Ne yazık ki hayır, şu anki sistem serbest gazetecileri dışlayan bir yapıda. Bu da sahada akreditasyon sorunlarına yol açıyor, özellikle resmî kurumlarla temas edilen haberlerde. Bu sorunun çözümü için serbest gazetecilik statüsünün tanınması ve bu mesleğin güvenceli hale getirilmesi gerekiyor. Basın kartı sistemi yeniden yapılandırılmalı.
Serbest gazeteci olmak isteyen gençlere ne önerirdiniz? İyi bir serbest gazeteci olarak neleri bilmeliler? Ne türden bilgi ve becerilere sahip olmalılar?

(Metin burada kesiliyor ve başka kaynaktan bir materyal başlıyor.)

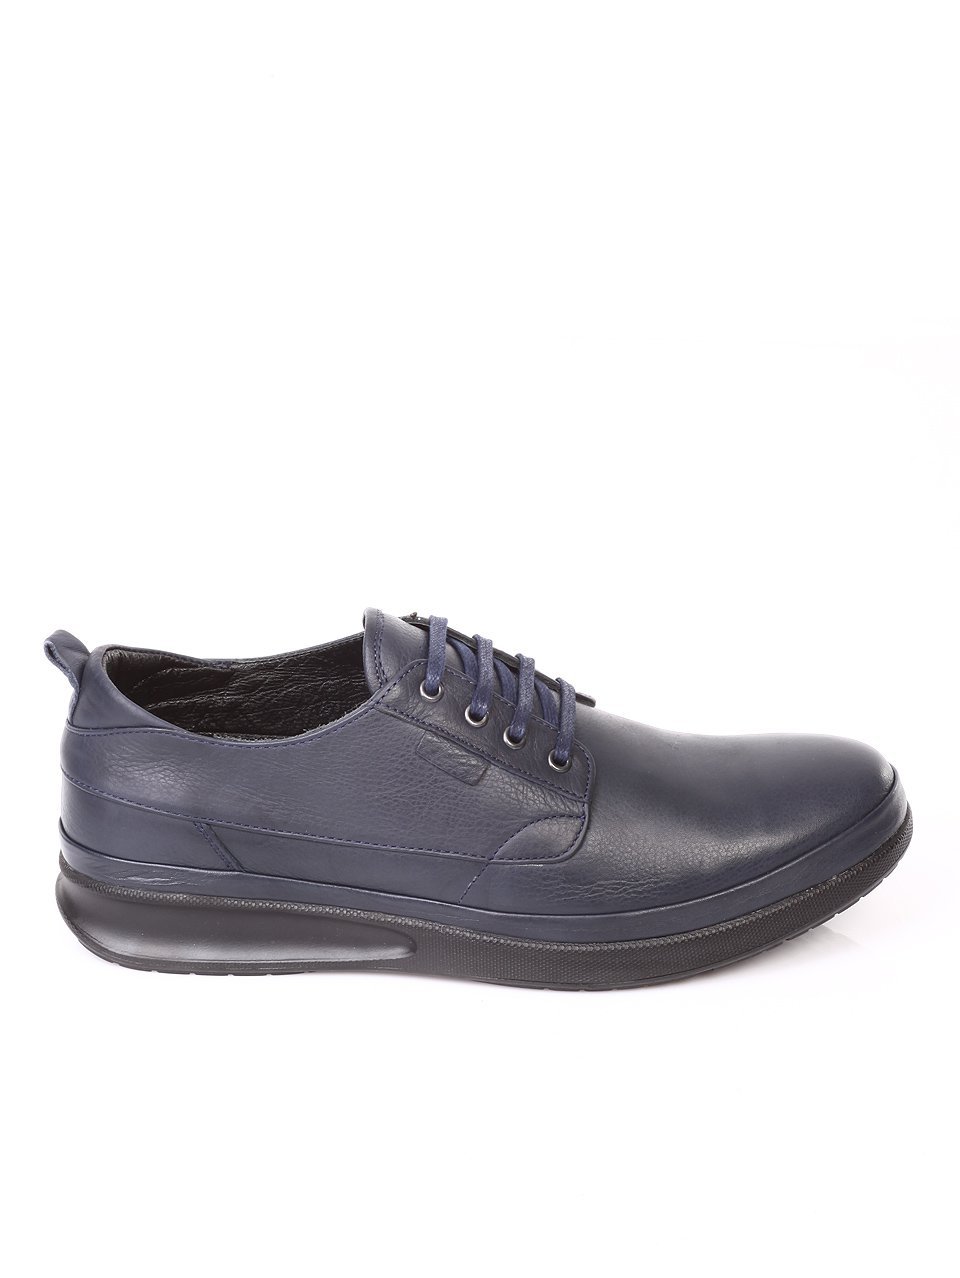 Ежедневни мъжки обувки от естествена кожа в синьо 7AT-171192 dk.blue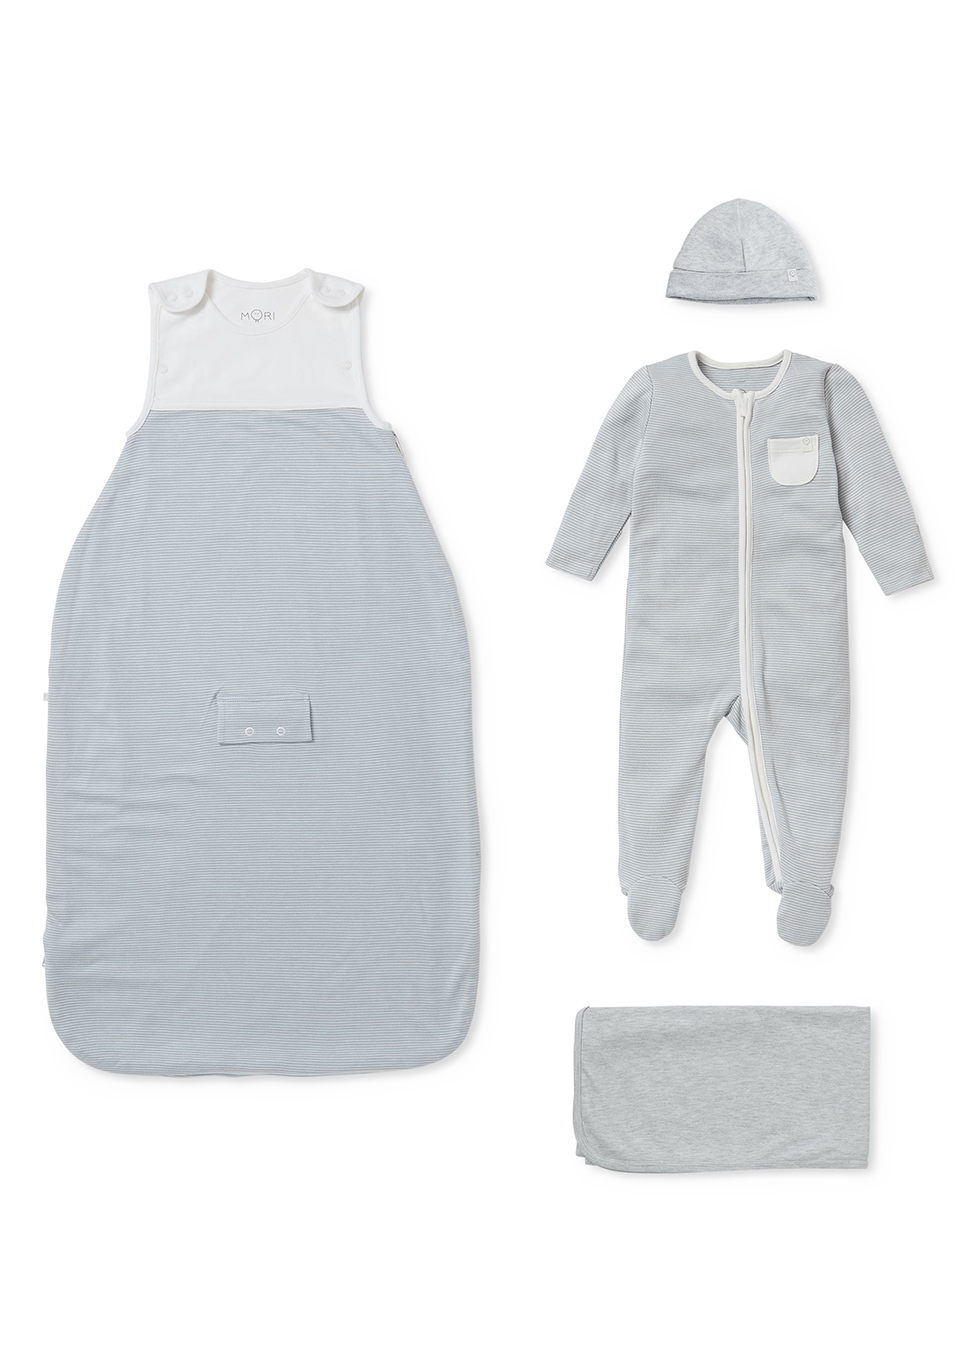 Mori Babies' Summer Clever Striped Jersey Sleep Set (6 Months)

Araştırmayı, soru sormayı ve sabırlı olmayı öğrenmeliler. Kaynakla ilişki kurma, dijital araçları kullanma ve doğru mecraları hedefleme konularında kendilerini geliştirmeliler ve bence en önemlisi şu: Herkesin konuştuğu yerden değil, kimsenin bakmadığı yerden bakmayı öğrenmeliler.
Tekrar seçim yapma şansınız olsaydı yine gazeteciliği mi seçerdiniz yoksa başka bir meslek mi seçerdiniz?
Yine anlatıcılığı seçerdim ama muhtemelen gazetecilikle sivil toplum iletişimini birleştiren bir yerde olurdu—ki şu an yaptığım iş tam da bu aslında. Hikayeleri duyurmak, görünmeyeni görünür kılmak beni hâlâ motive ediyor.